In the original ballet, tragic female protagonist Odilie is twice undone by the actions of men. The ballet begins with Odilie enduring a curse placed upon her by an evil male sorcerer, whose motive for doing so is never stated. The curse causes her to become a female swan by day, allowing her to revert to human form only by night. She can undo the curse if a man pledges eternal love and loyalty to her (thus putting her once more in the power of male agency). In human form Odilie does meet and fall in love with a prince, and deliverance seems possible. But the sorcerer works against her. He magically disguises his daughter to look like Odilie, and the prince professes his love to the wrong woman. This being a fairy-tale, the words once spoken can't be taken back, and Odilie kills herself rather than live on as a half-swan.

In the narrative of BLACK SWAN, there are counterparts for Odilie, the sorcerer's daughter, and a very loose counterpart to the sorcerer-- all of whom are female characters-- but there is no prince. The only significant male character is Thomas Leroy, the director of a new version of SWAN LAKE, who is loosely responsible for the problem set for protagonist Nina. Leroy wants the same ballerina to dance both the virginal, innocent Odilie, a "White Swan," and the seductive sorcerer's daughter, who, in a departure from Tchaikovsky, is costumed as a "Black Swan." But though Leroy places a heavy demand on Nina by demanding that she portray two widely divergent characters, he isn't responsible for her fragile mental state.

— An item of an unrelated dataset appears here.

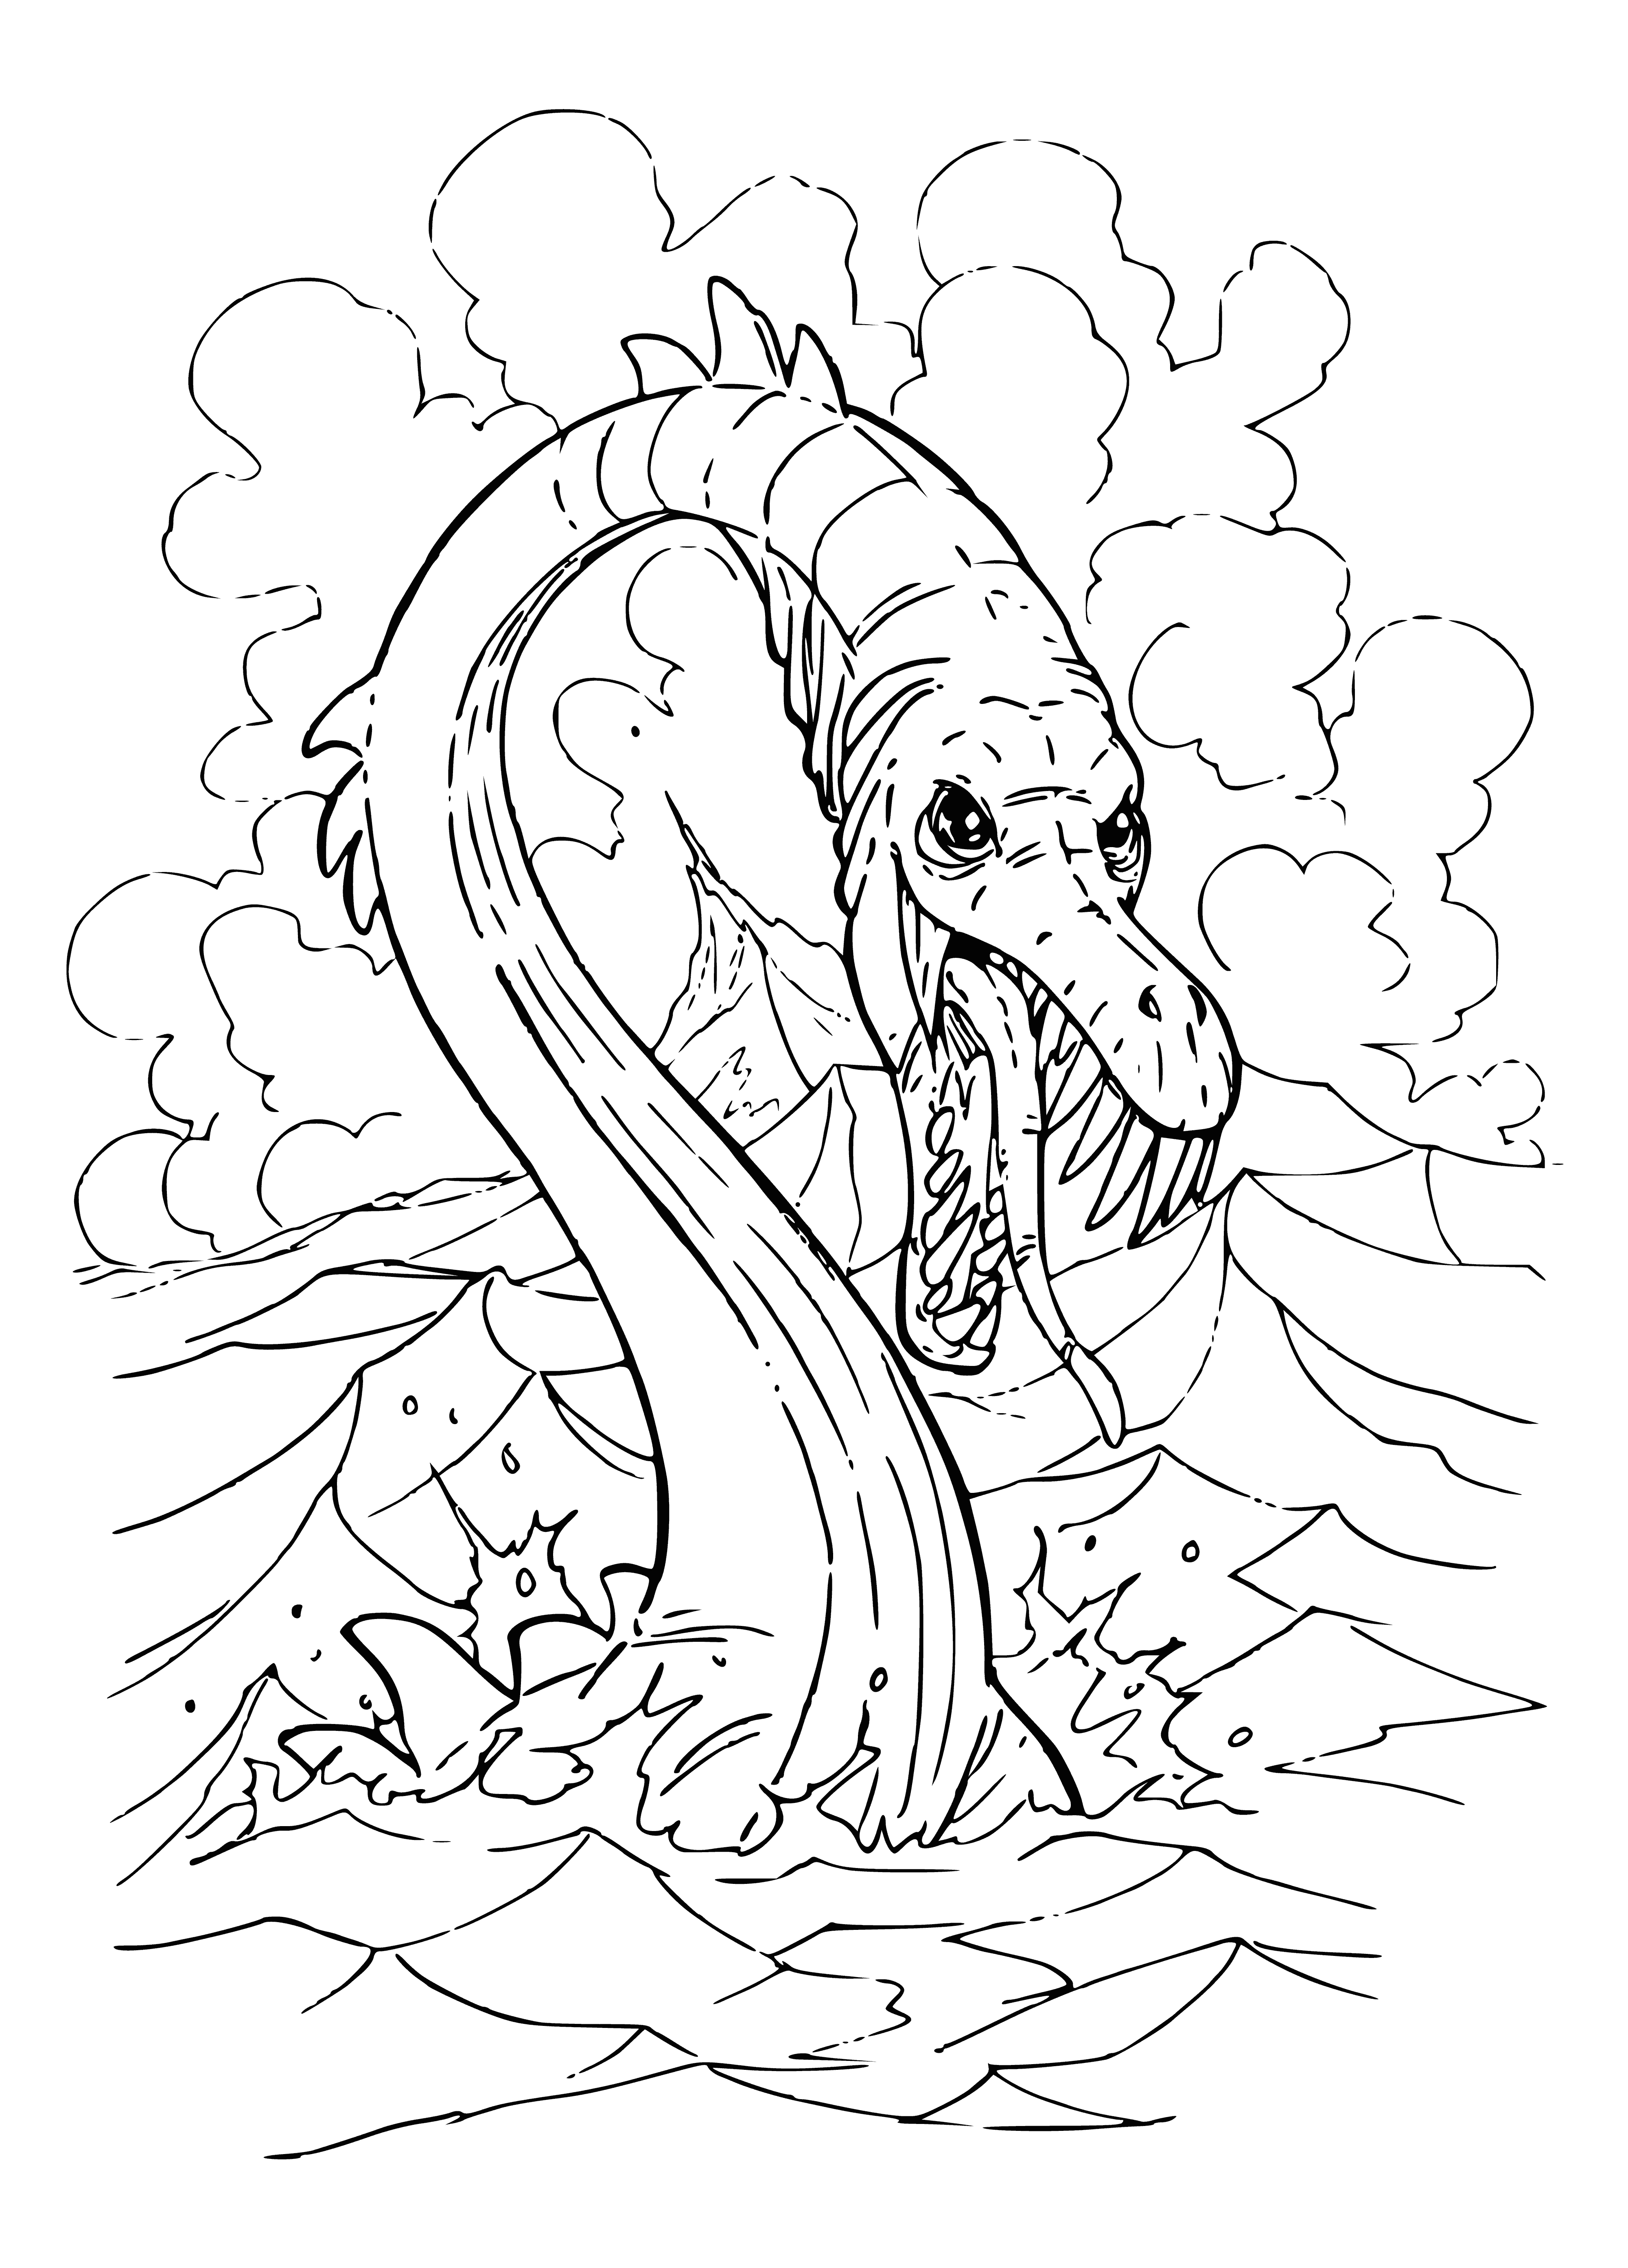 coloring page: A sea creature mash-up of a snake-like body, fins, sharp teeth & glowing green eyes: ready to attack!

In BLACK SWAN, the "sorcerer" responsible for Nina's "curse" is Erica, a stage mother who has essentially projected upon Nina the responsibility of redeeming Erica's own aborted ballet career. As a result of the mother's domination, Nina identifies with the put-upon White Swan but finds it hard to act the persona of the Black Swan. Her mental turmoil is then aggravated by the presence of rival dancer Lily, who in keeping with her Lilith-like name has the seductive and freewheeling characteristics Nina desperately needs. The mental pressure manifests in increasing hallucinations and culminates in Nina's attempt at murder.

This is not to say that men get totally off the hook. A subplot regarding an older dancer, discarded by Leroy because she's grown too old, and whose romantic place Leroy might like Nina to assume, indicts the male of the species on the customary charge of tomcattery. But clearly Nina's psychological breakdown stems from her inability to throw off her mother's domination and to formulate her own distinct identity. Nina's doomed attempt to assimilate Lily's persona, ranging from an imagined sex-scene with her to an imagined murder-attempt, merely underscore that it's too late for this fragile bird to change her feathers.

Many horror-thrillers deal with protagonists who become dangerous to society because of their delirious states, notably Polanski's REPULSION, but Nina is never seen as a danger to anyone but herself, thus putting SWAN closer to the territory of Peter Shaffer's play EQUUS. Both as play and film EQUUS serves as a good example of the "atypical" manifestation of the "delirious" motif, for in EQUUS the distured character's fantasy does not become "affectively metaphenomal." But although the swan-fantasies of Aronofsky's film are more fully pursued on their own terms, BLACK SWAN is at times a little too pat and polished compared to, say, the oeuvre of Roman Polanski, whose TENANT, another uncanny film with this motif, might make for an interesting cross-comparison.

ADDENDA TO MYSELF: On further reconsideration, I've decided that the trope "delirious dreams and fallacious figments" should not apply to hallucinatory states, whether arising from psychosis or some other cause. This trope should apply only to phenomena that seem to interrupt the diegesis itself, which the hallucinations of BLACK SWAN's character don't. Therefore I've revised my labels to include only the trope "perilous psychos."